Images from my ill-considered afternoon stunt rolled through my head while I tried to come up with something pleasant to think about… the feel of the air as I fell, the blackness of the water, the thrashing of the current… Edward's face… I lingered there for a long time. Jacob's warm hands, trying to beat life back into me… the stinging rain flung down by the purple clouds… the strange fire on the waves…
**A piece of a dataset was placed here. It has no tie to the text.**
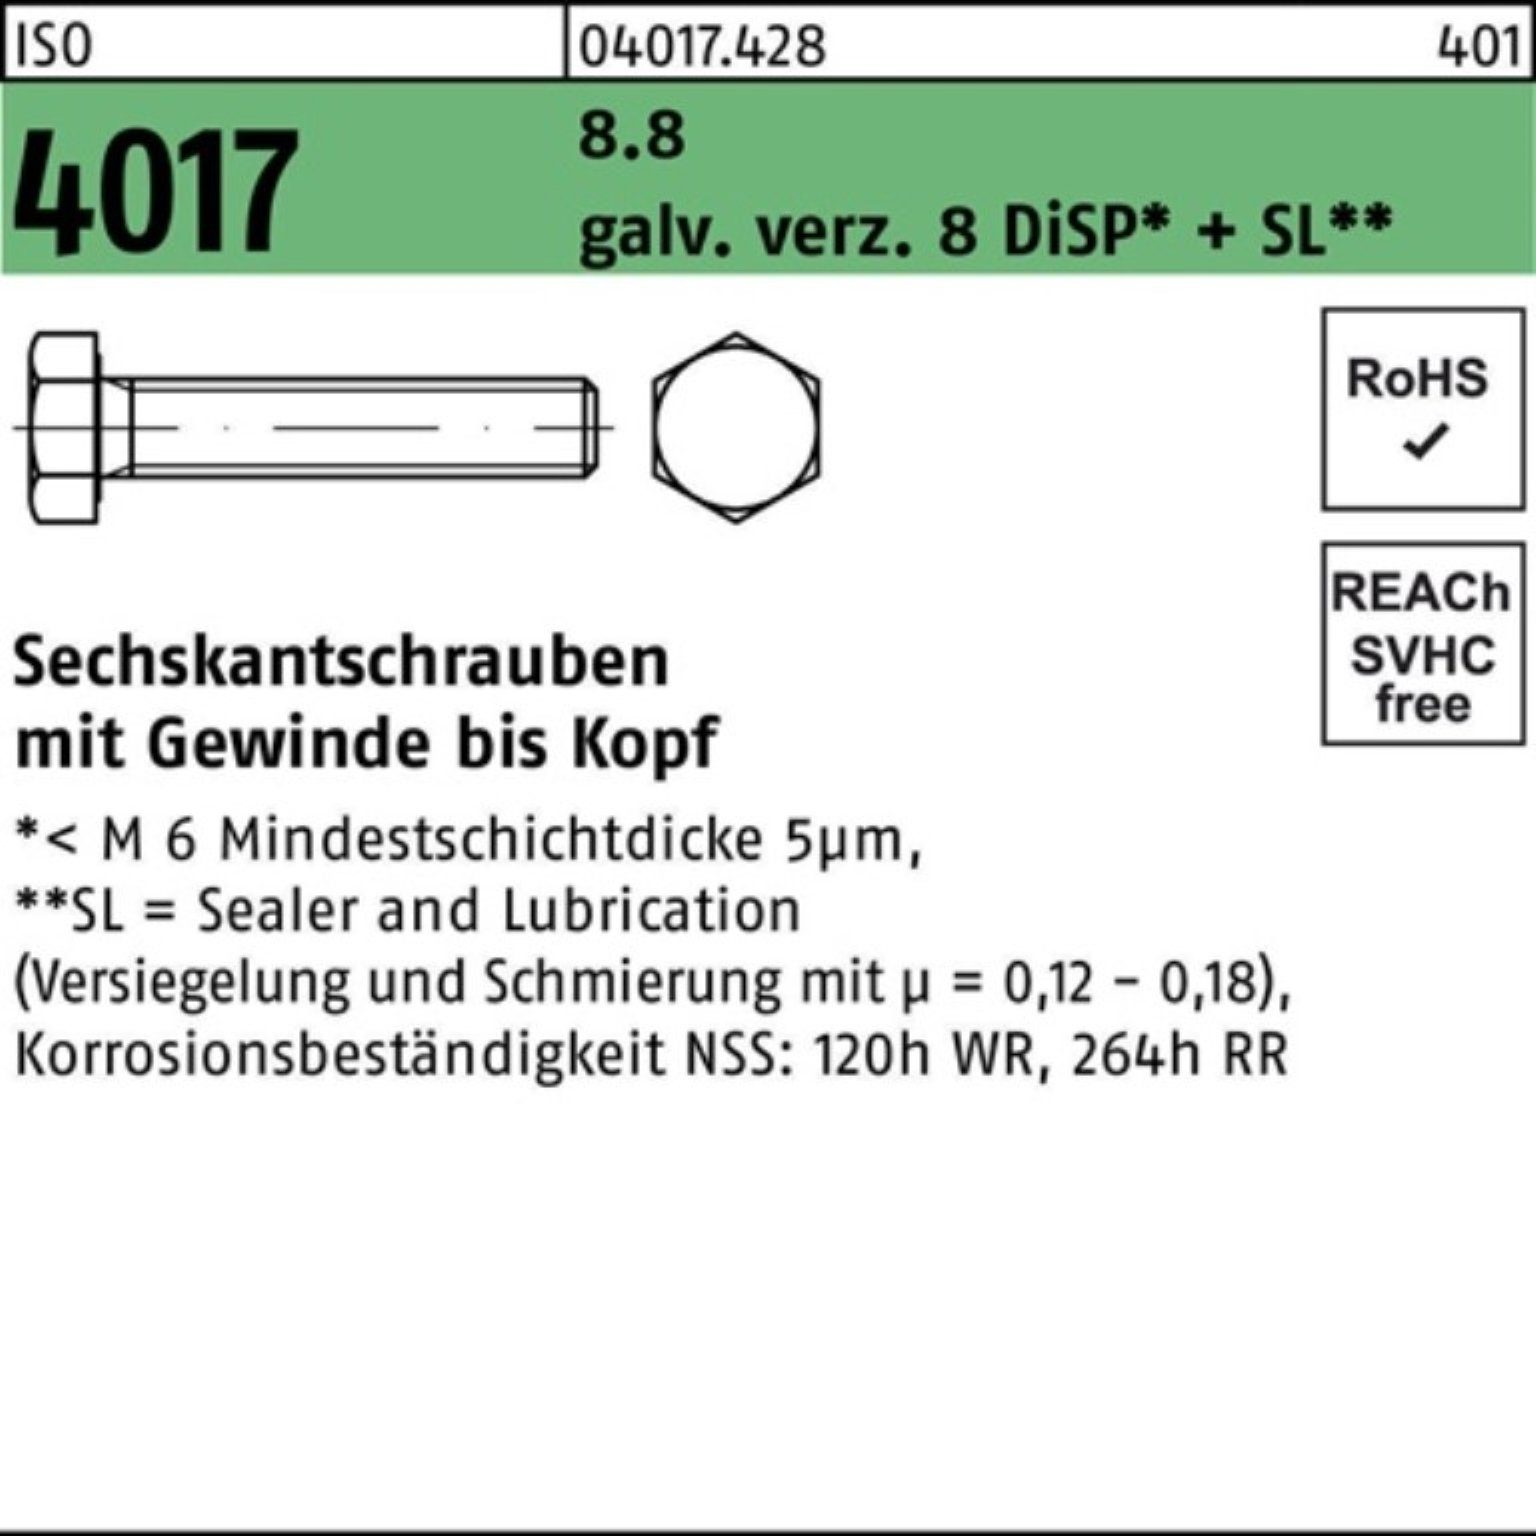 Bufab Sechskantschraube 100er Pack Sechskantschraube ISO 4017 VG M10x 55 8.8 galv.verz. 8 DiSP
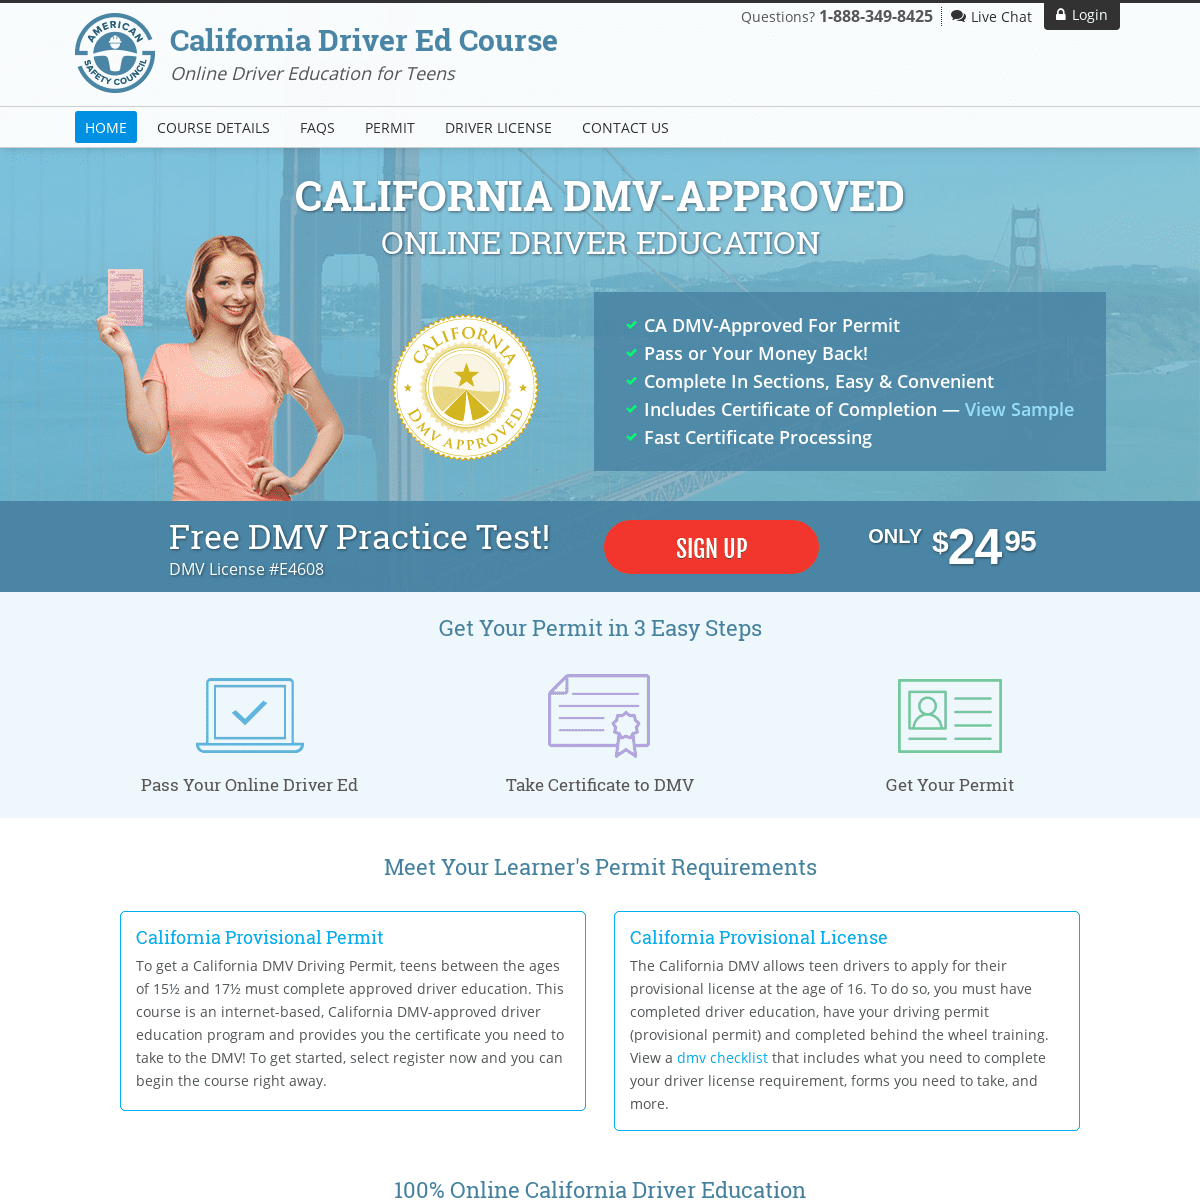 A complete backup of californiadriveredcourse.com

There was something familiar about that flash of color on top of the water. Of course it couldn't really be fire–

My thoughts were interrupted by the sound of a car squelching through the mud on the road outside. I heard it stop in front of the house, and doors started opening and closing. I thought about sitting up, and then decided against that idea.

Billy's voice was easily identifiable, but he kept it uncharacteristically low, so that it was only a gravelly grumble.
The door opened, and the light flicked on. I blinked, momentarily blind. Jake startled awake, gasping and jumping to his feet.
"Sorry," Billy grunted. "Did we wake you?"
My eyes slowly focused on his face, and then, as I could read his expression, they filled with tears.

"Oh, no, Billy!" I moaned.
He nodded slowly, his expression hard with grief. Jake hurried to his father and took one of his hands. The pain made his face suddenly childlike–it looked odd on top of the man's body.

Sam was right behind Billy, pushing his chair through the door. His normal composure was absent from his agonized face.

"I'm so sorry," I whispered. Billy nodded. "It's gonna be hard all around." "Where's Charlie?" "Your dad is still at the hospital with Sue. There are a lot of… arrangements to be made." I swallowed hard. "I'd better get back there," Sam mumbled, and he ducked hastily out the door.

Billy pulled his hand away from Jacob, and then he rolled himself through the kitchen toward his room.
Jake stared after him for a minute, then came to sit on the floor beside me again. He put his face in his hands. I rubbed his shoulder, wishing I could think of anything to say. After a long moment, Jacob caught my hand and held it to his face. "How are you feeling? Are you okay? I probably should have taken you to a doctor or something." He sighed.

"Don't worry about me," I croaked.
He twisted his head to look at me. His eyes were rimmed in red. "You don't look so good." "I don't feel so good, either, I guess."

"I'll go get your truck and then take you home–you probably ought to be there when Charlie gets back."
"Right."
I lay listlessly on the sofa while I waited for him. Billy was silent in the other room. I felt like a peeping torn, peering through the cracks at a private sorrow that wasn't mine.

It didn't take Jake long. The roar of my truck's engine broke the silence before I expected it. He helped me up from the couch without speaking, keeping his arm around my shoulder when the cold air outside made me shiver. He took the driver's seat without asking, and then pulled me next to his side to keep his arm tight around me. I leaned my head against his chest.
"How will you get home?" I asked.

"I'm not going home. We still haven't caught the bloodsucker, remember?" My next shudder had nothing to do with cold.

It was a quiet ride after that. The cold air had woken me up. My mind was alert, and it was working very hard and very fast.
What if? What was the right thing to do?

I couldn't imagine my life without Jacob now–I cringed away from the idea of even trying to imagine that. Somehow, he'd become essential to my survival. But to leave things the way they were… was that cruel, as Mike had accused?